The Hawke’s Bay Regional Council (HBRC) is close to naming the manager of a new $50 million diversified portfolio put out to tender in July.
It is understood the HBRC selected the provider last week from a short-list of investment consultants and fund managers after a relatively short review process.
Official documents show the HBRC opted to outsource the $50 million portfolio – currently held in cash – following advice from PwC and Bancorp Treasury Services.
The HBRC cash, left over from assets originally designated to help build a controversial Central Hawke’s Bay dam, would be invested in a balanced portfolio, the documents reveal.
According to the HBRC papers, the new portfolio would have a targeted real return of 4.5 per cent in its first year and 5 per cent thereafter.

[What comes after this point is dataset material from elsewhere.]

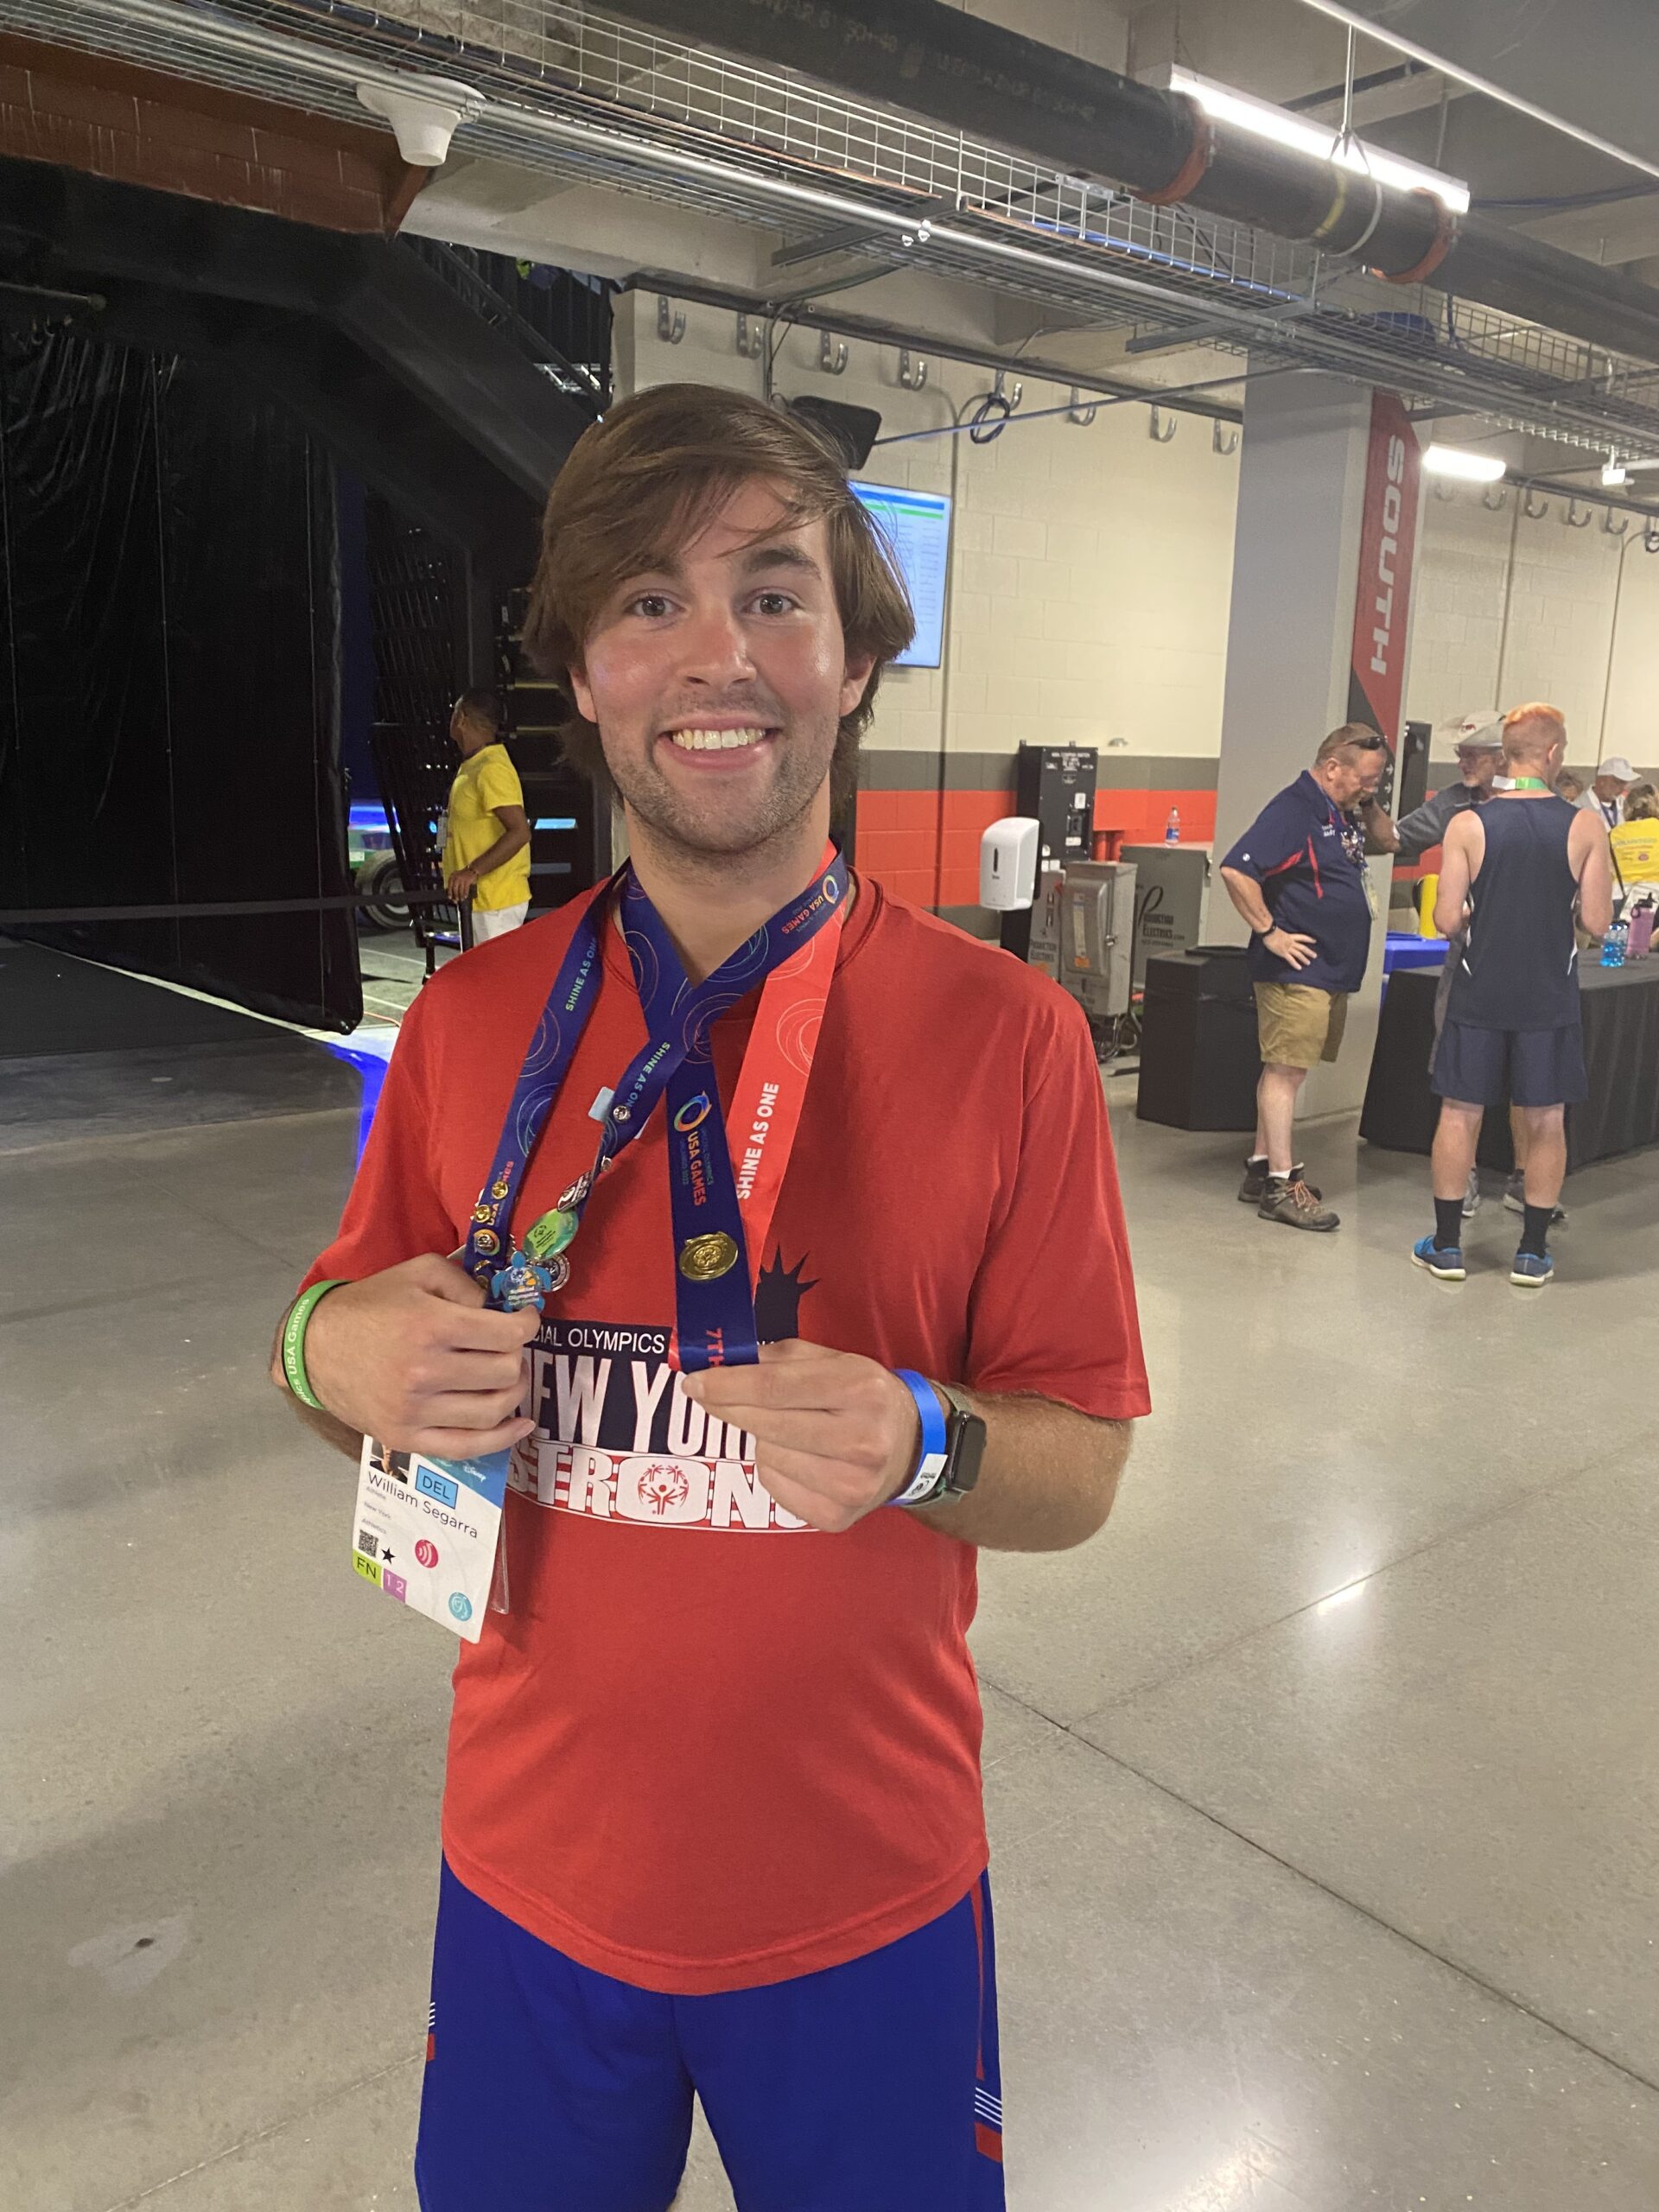 Southampton's William Segarra finished in the top 10 in three events at the Special Olympics USA Games in Orlando, Florida, earlier this month.

A draft statement of investment policy objectives (SIPO) shows the proposed fund would be split equally between growth and income assets.
All offshore assets would be hedged to the NZ dollar.
“Where practical, investments will be made taking into account the ethical practices of the investment entity,” the SIPO says. “Council’s intention is for the Fund to avoid direct involvement with industries that have a negative impact on society and the environment.”
The HBRC investment blacklist includes companies involved in tobacco, alcohol, military and weapons, and fossil fuels.
However, the fund could shrink by between $6 million to $10 million under a lending agreement with a related HBRC investment company that would initially “reduce the funds available to the Diversified Investment Portfolio to $44 million to enable provision of that loan facility”.
In July the HBRC sold the intellectual property rights to the Ruataniwha Water Storage Scheme (RWSS) for $100,000 after spending $20 million over four years pushing the dam project.
The controversial dam proposal was scuttled last year when the Supreme Court ruled a deal to include Department of Conservation land in the flood-zone was illegal.